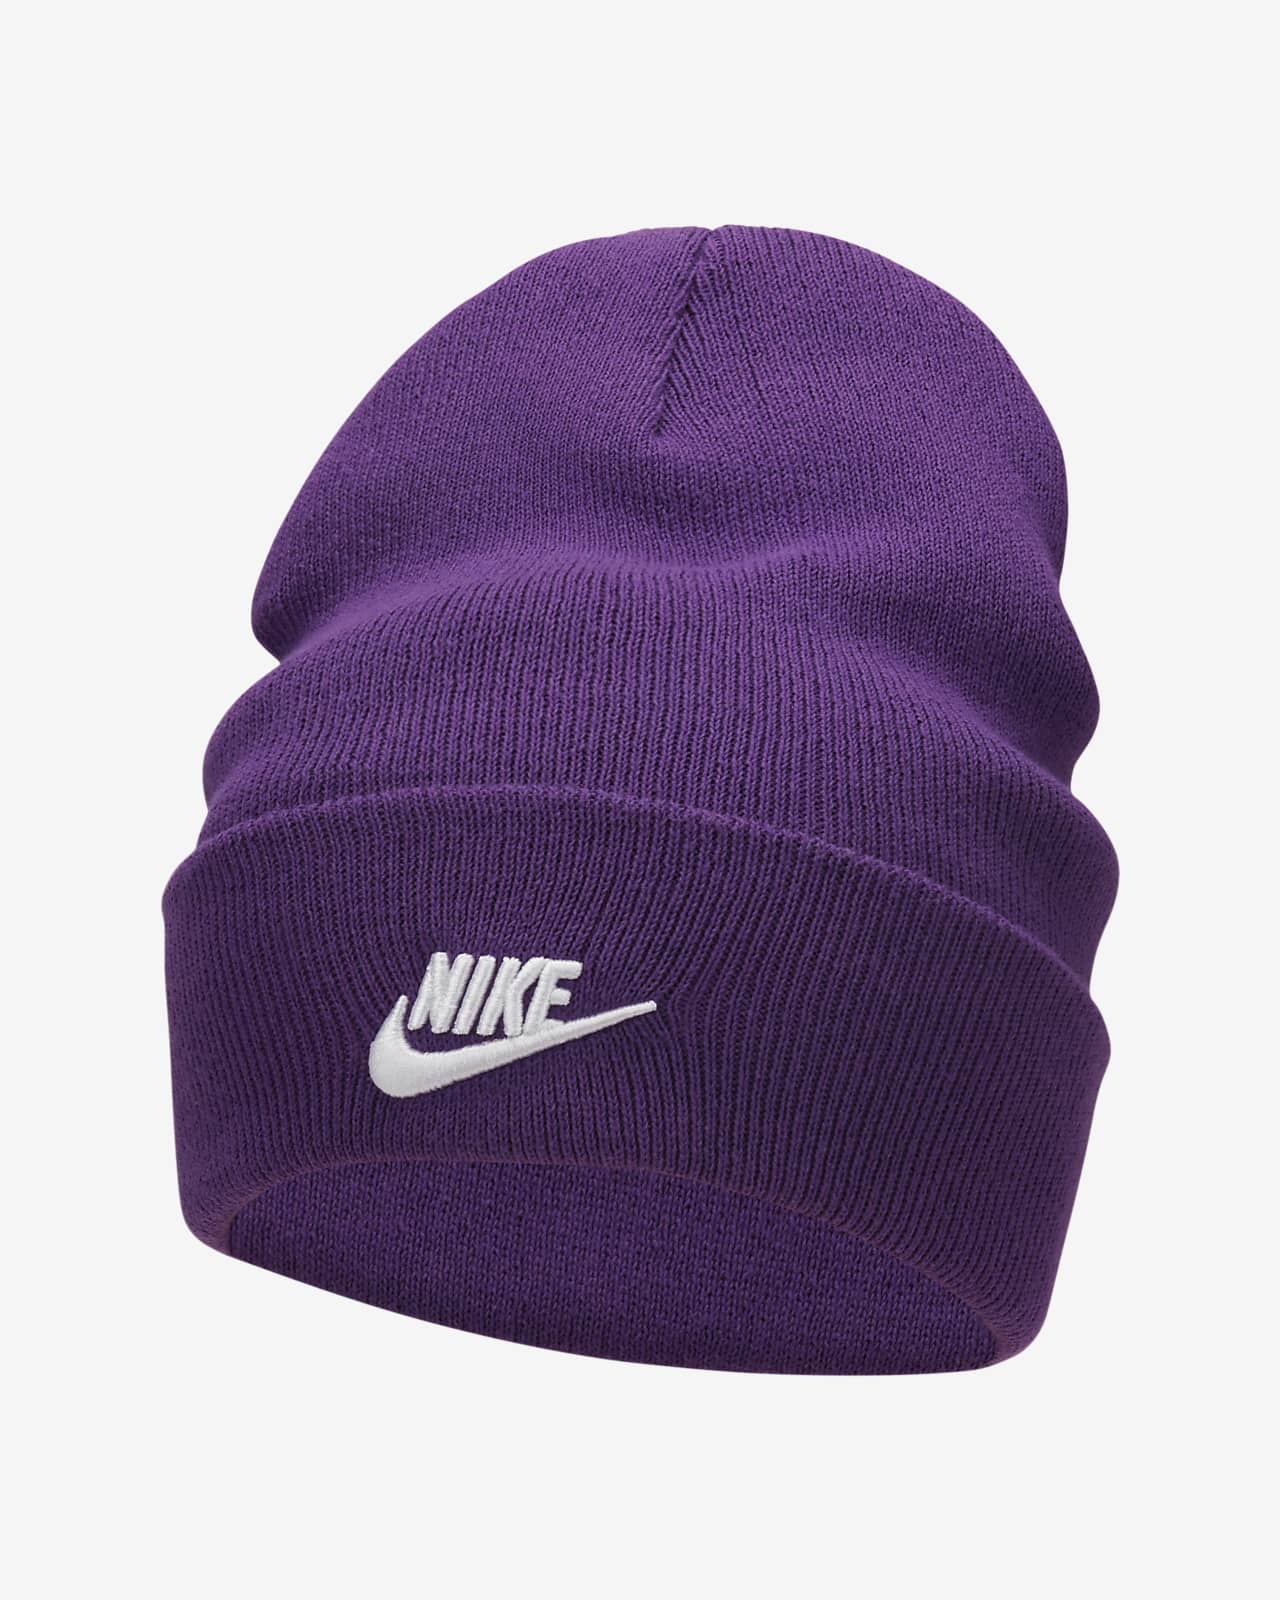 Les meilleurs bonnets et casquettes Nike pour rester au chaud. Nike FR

...

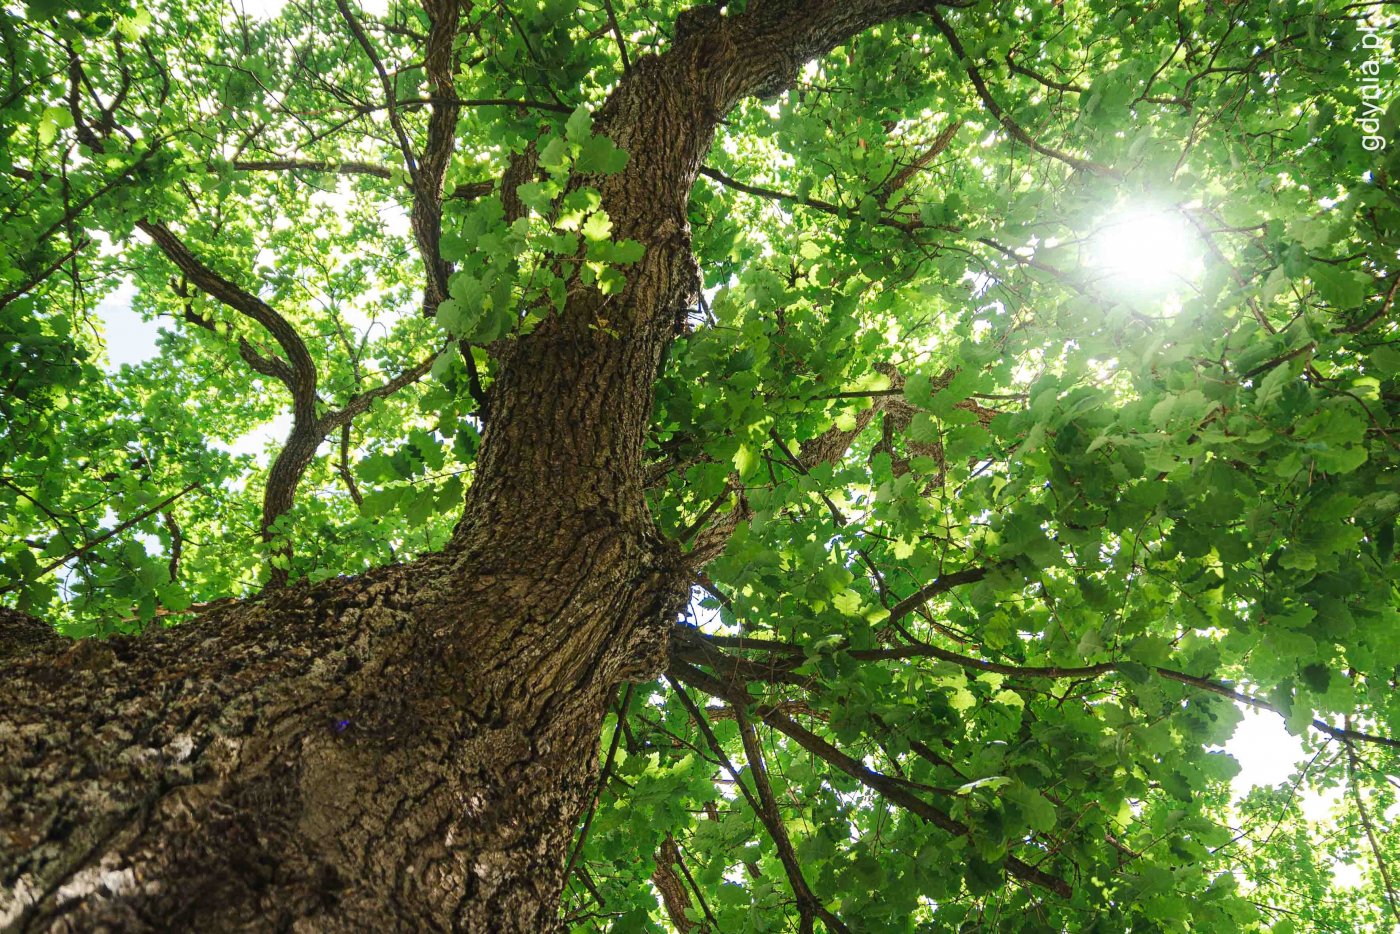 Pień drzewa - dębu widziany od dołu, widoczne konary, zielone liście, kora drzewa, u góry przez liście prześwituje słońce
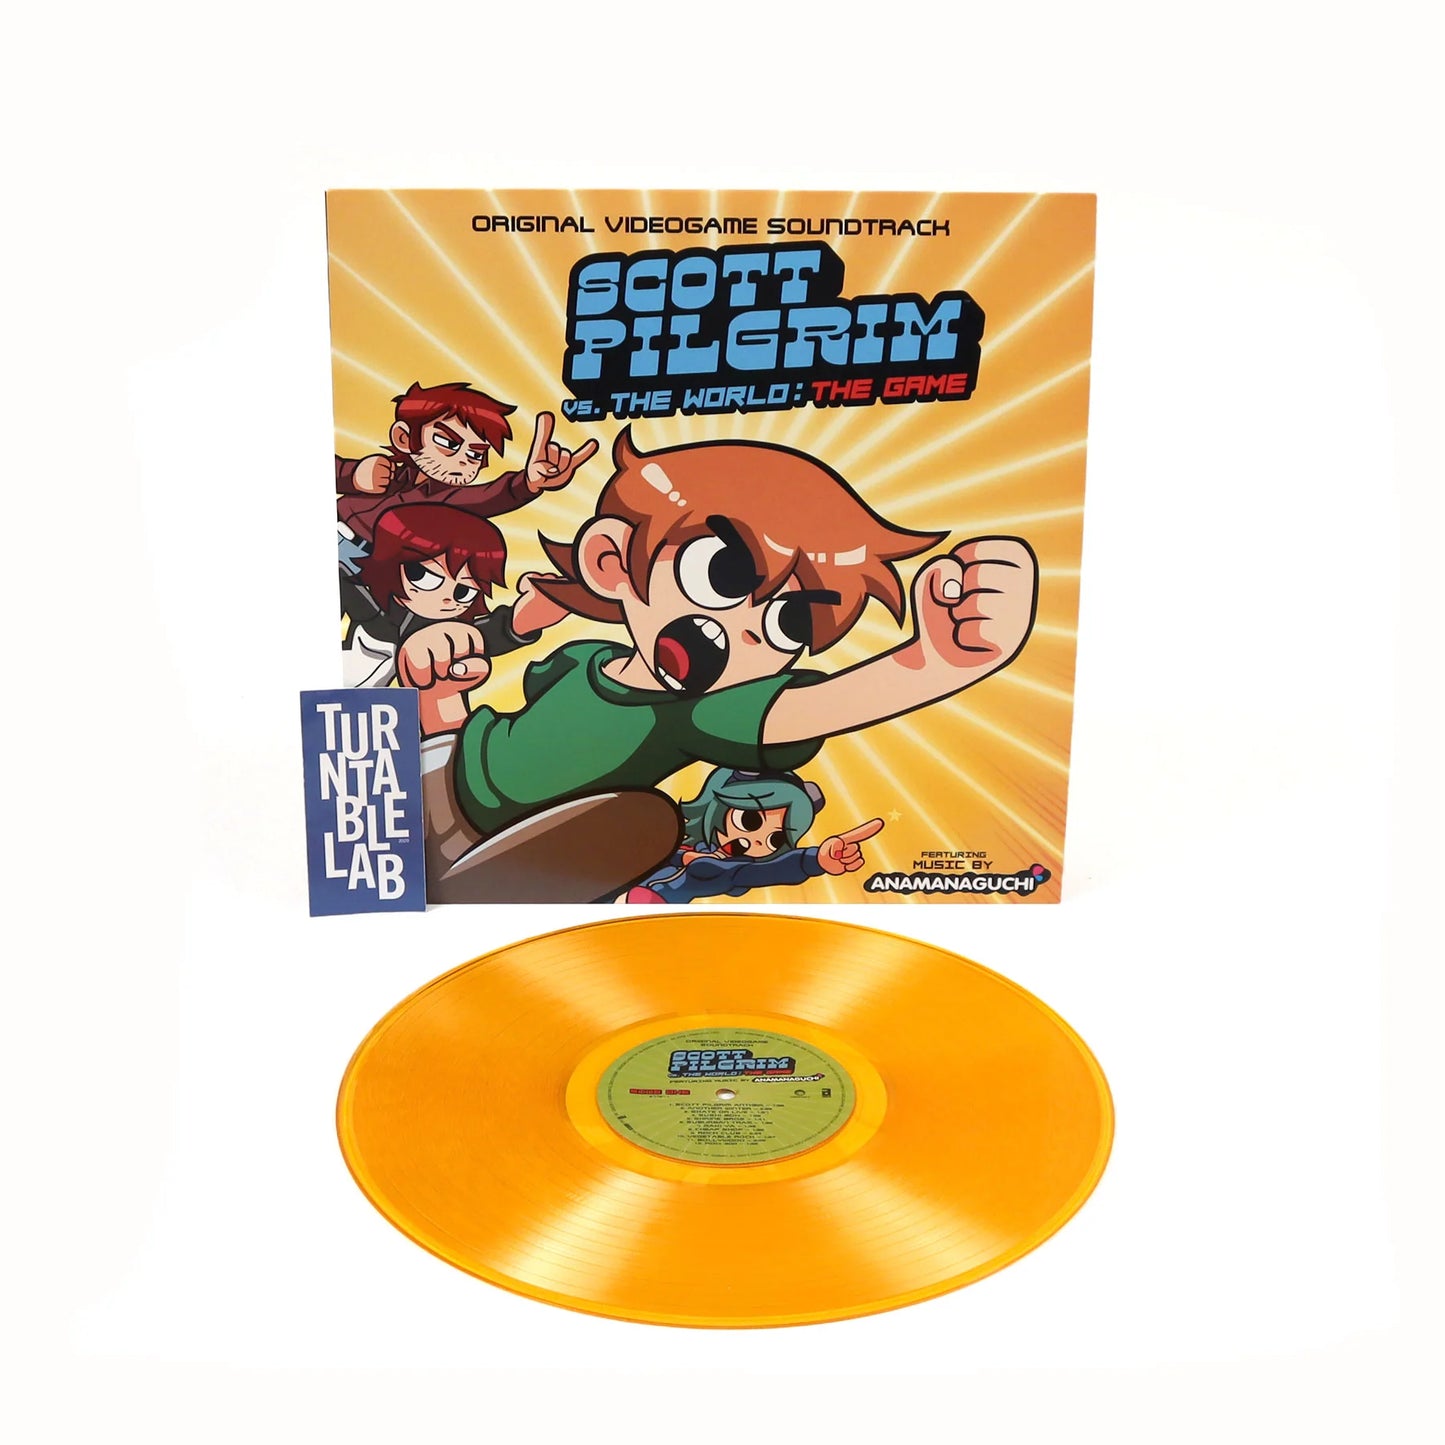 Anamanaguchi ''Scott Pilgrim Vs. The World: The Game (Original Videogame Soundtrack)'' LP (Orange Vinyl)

• [TASK OBJECTIVE]: Make an exact copy of the lines above, beginning with the line with "Pień drzewa - dębu" and ending with the line with "Anamanaguchi ''Scott Pilgrim", and keep the pictures out of it.

• [THE COMPLETED TASK]:
 Pień drzewa - dębu widziany od dołu, widoczne konary, zielone liście, kora drzewa, u góry przez liście prześwituje słońce
 Anamanaguchi ''Scott Pilgrim Vs. The World: The Game (Original Videogame Soundtrack)'' LP (Orange Vinyl)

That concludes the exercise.